Maybe that's just the way it is. Maybe I'm not alone in that. Maybe the magic of life really is in the reflection, wrapped up in nostalgia and comparison. The best you can do sometimes is to keep exploring, keep learning, approach the newness with compassion, and even when you loose faith in it, try not to loose the faith, the world has in you.

Tuesday 17 January 2012

Rainy Reflections

That was the loudest crack of thunder I've ever heard.

There was a blink of heaviness where the energy shifted right before I heard it.

CRACK!

I thought the walls of this 100 year old Outback Pub would surely collapse under the weight of it. Now every sound has me on edge. Fight or flight, the adrenalin rush provided through our ancestry is never that far under the surface of our modern rationality.

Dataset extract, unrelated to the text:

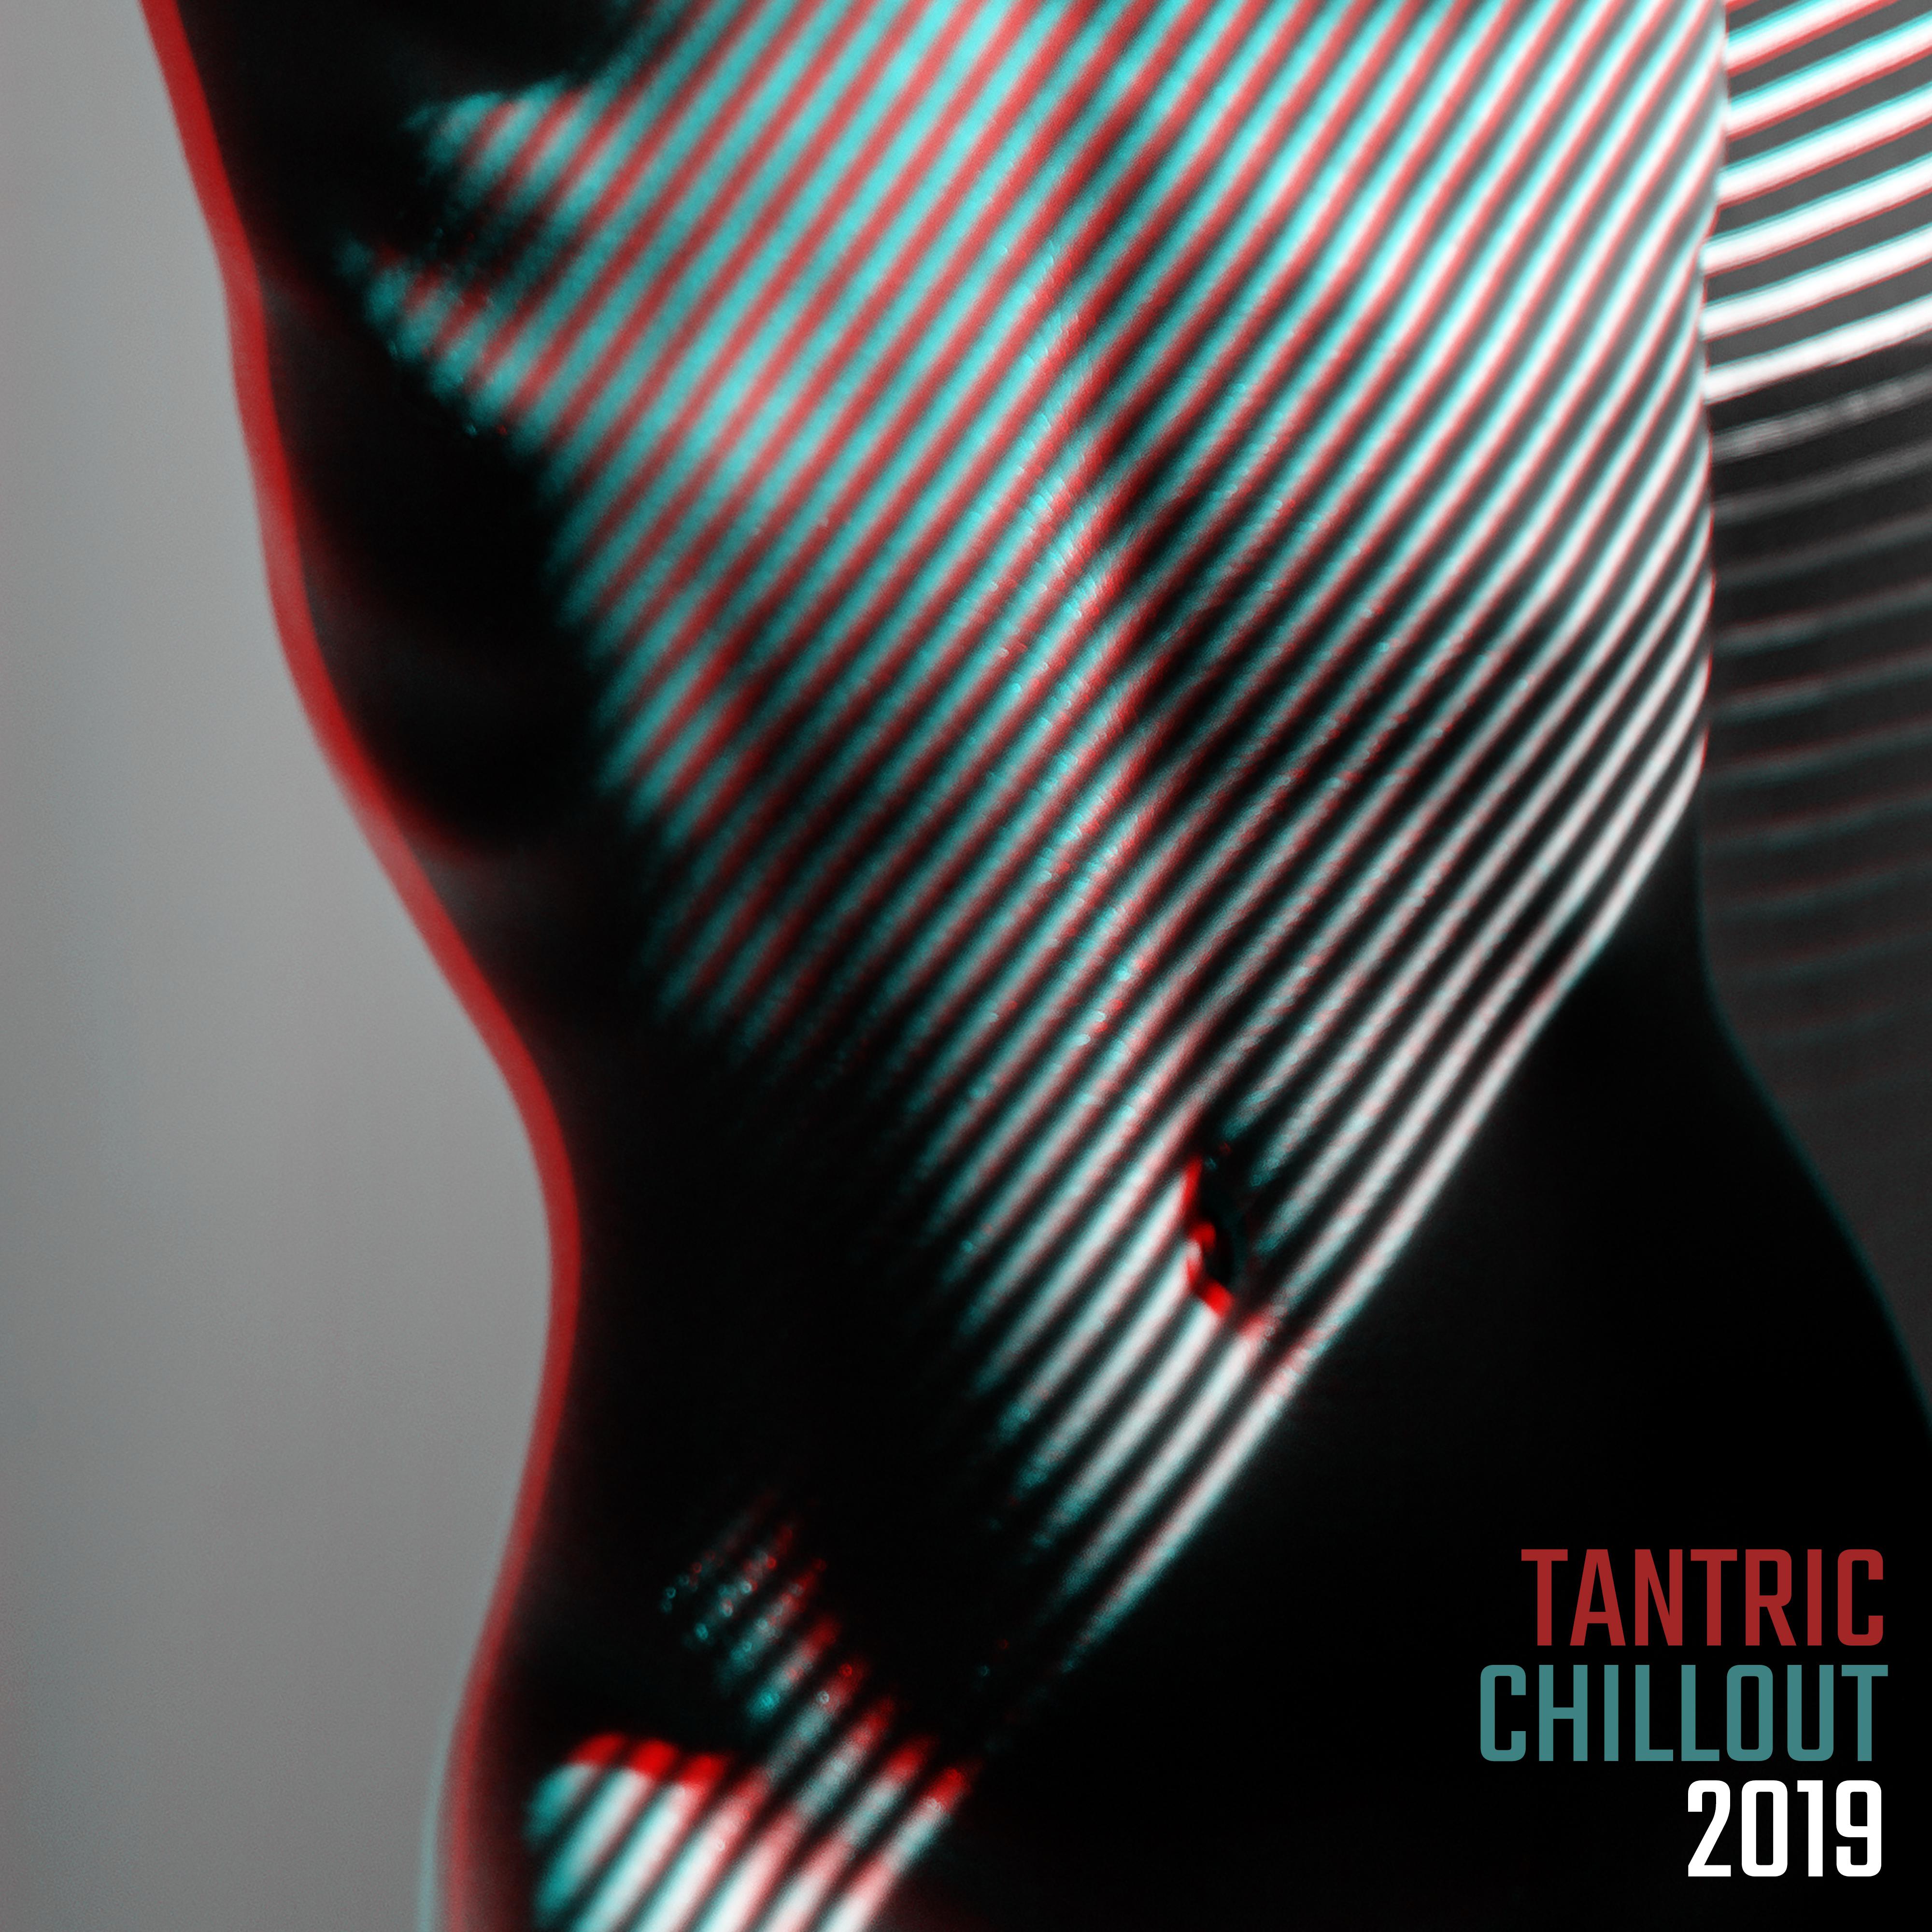 Tantric Chillout 2019 – Kamasutra Music, Pure Relaxation, Making Love, Pathway to Orgasm, Erotic Vibes, Tantric ***, Chill Out 2019

I flip back, to the second loudest crack of thunder I have ever heard. Ten years old I was sitting in the front-porch of our house. We lived in a small town where the streets were dead long before the night closed in and the high-lights of your life were to be found either in the goings on of people, or the goings on of nature. I was fortunate, for a time, that the later was my preoccupation and my passion. Nature, weather, and I have always had, I felt, a unique bond, an understanding with each other. Fascinated by the magic and power of storms and the changing seasons, I used to believe that there was some consciousness behind it. It was in the way the rustling leaves spoke, or the wind pulled and twisted the snow into magnificent patterns, the changing colours, the white-cap peaked lakes tormented by invisible forces. These were gifts and signs to me, things for me to enjoy, and manifestations of states of mind I still can't express.

CRACK!

The second loudest crack of thunder I've ever heard broke the glass in the single pane window in our small front-porch. It was awe-inspiring as the thunder rolled on and on to what seemed at the time to be far and distant places, unreachable from my small childish universe. Then came the rain. A rain so heavy, so warm it's comparison is used for all rains that have come after it. I took to that that quiet street in the middle of the night and danced and splashed and welcomed the rain with outstretched arms, head up to the clouds, marvelling at the ubiquitous way it fell from the darkness. With no beginning and no end, it rushed down the street in rapids, flowing over my bare feet and into the storm drains, taking with it the debris, rubbish and heat of the day.

It's amazing and strange the moments that stay with you forever, the ones you think about again and again – or at least, every time it rains.